安徒生童话英文版:The Dryad 树精

发布时间:2017-08-11 编辑:tyl

  Here she was certainly living, in the deafening tumult. Perhaps she had just stepped out of one of the gorgeous carriages in waiting. Handsome equipages, with coachmen in gold braid and footmen in silken hose, drove up. The people who alighted from them were all richly-dressed ladies. They went through the opened gate, and ascended the broad staircase that led to a building resting on marble pillars. Was this building, perhaps, the wonder of the world? There Mary would certainly be found.

  “Sancta Maria!” resounded from the interior. Incense floated through the lofty painted and gilded aisles, where a solemn twilight reigned.

  It was the Church of the Madeleine.

  Clad in black garments of the most costly stuffs, fashioned according to the latest mode, the rich feminine world of Paris glided across the shining pavement. The crests of the proprietors were engraved on silver shields on the velvet-bound prayer-books, and embroidered in the corners of perfumed handkerchiefs bordered with Brussels lace. A few of the ladies were kneeling in silent prayer before the altars; others resorted to the confessionals.

  Anxiety and fear took possession of the Dryad; she felt as if she had entered a place where she had no right to be. Here was the abode of silence, the hall of secrets. Everything was said in whispers, every word was a mystery.

  The Dryad saw herself enveloped in lace and silk, like the women of wealth and of high birth around her. Had, perhaps, every one of them a longing in her breast, like the Dryad?

  A deep, painful sigh was heard. Did it escape from some confessional in a distant corner, or from the bosom of the Dryad? She drew the veil closer around her; she breathed incense, and not the fresh air. Here was not the abiding-place of her longing.

  Away! away—a hastening without rest. The ephemeral fly knows not repose, for her existence is flight.

  She was out again among the gas candelabra, by a magnificent fountain.

  “All its streaming waters are not able to wash out the innocent blood that was spilt here.”

  Such were the words spoken.

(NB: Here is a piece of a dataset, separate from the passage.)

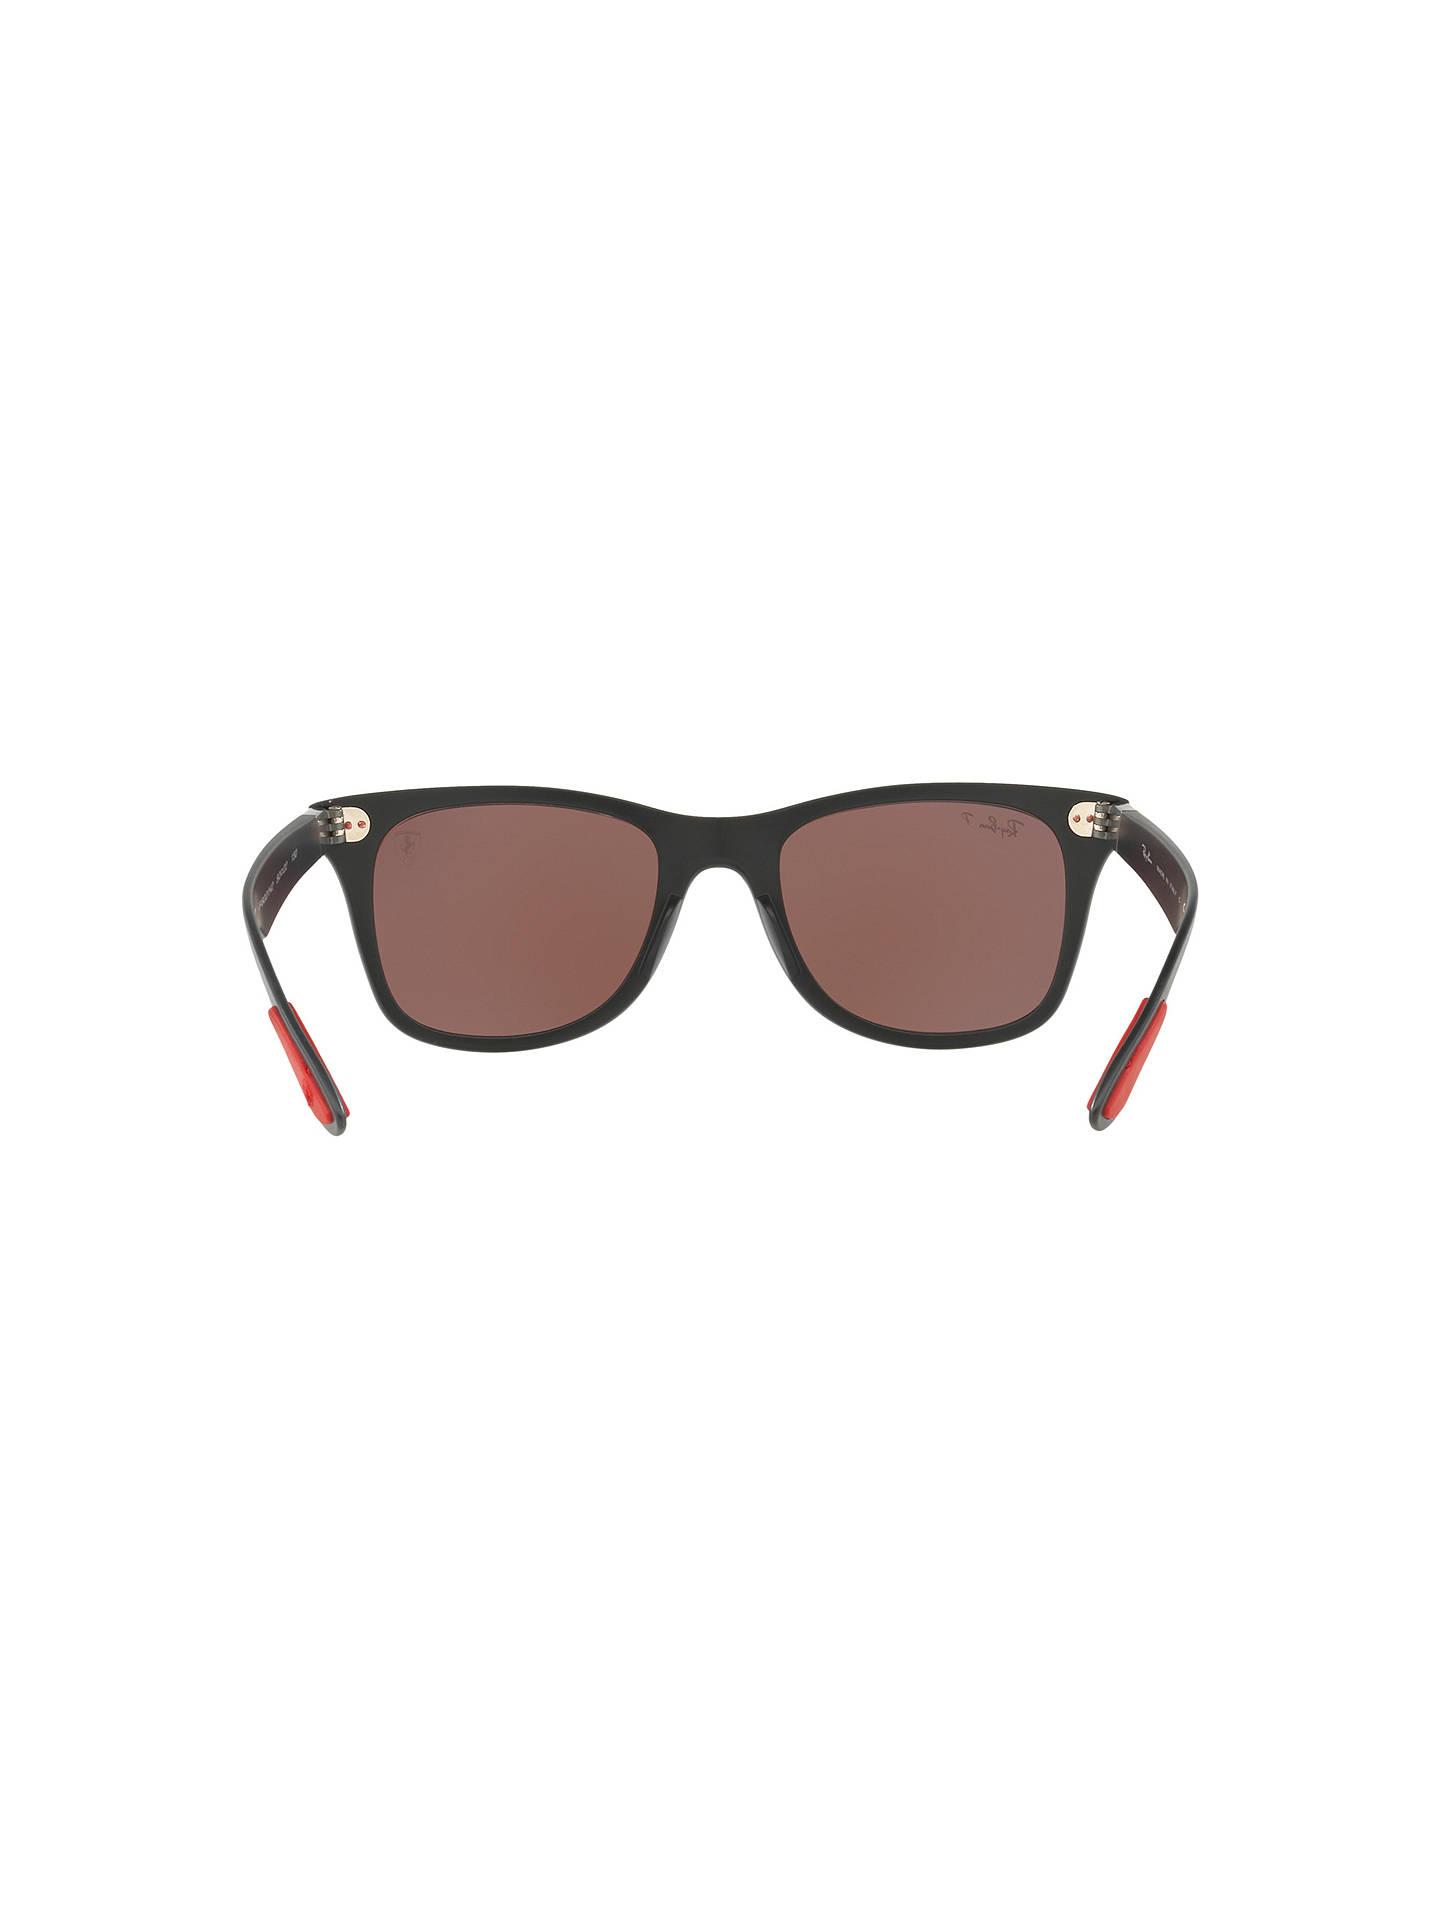 7d8ac1f4e9 ... Buy Ray-Ban RB4195M Polarised Scuderia Ferrari Wayfarer Sunglasses

Strangers stood around, carrying on a lively conversation, such as no one would have dared to carry on in the gorgeous hall of secrets whence the Dryad came.

  A heavy stone slab was turned and then lifted. She did not understand why. She saw an opening that led into the depths below. The strangers stepped down, leaving the starlit air and the cheerful life of the upper world behind them.

  “I am afraid,” said one of the women who stood around, to her husband, “I cannot venture to go down, nor do I care for the wonders down yonder. You had better stay here with me.”

  “Indeed, and travel home,” said the man, “and quit Paris without having seen the most wonderful thing of all—the real wonder of the present period, created by the power and resolution of one man!”

  “I will not go down for all that,” was the reply.

  “The wonder of the present time,” it had been called. The Dryad had heard and had understood it. The goal of her ardent longing had thus been reached, and here was the entrance to it. Down into the depths below Paris? She had not thought of such a thing; but now she heard it said, and saw the strangers descending, and went after them.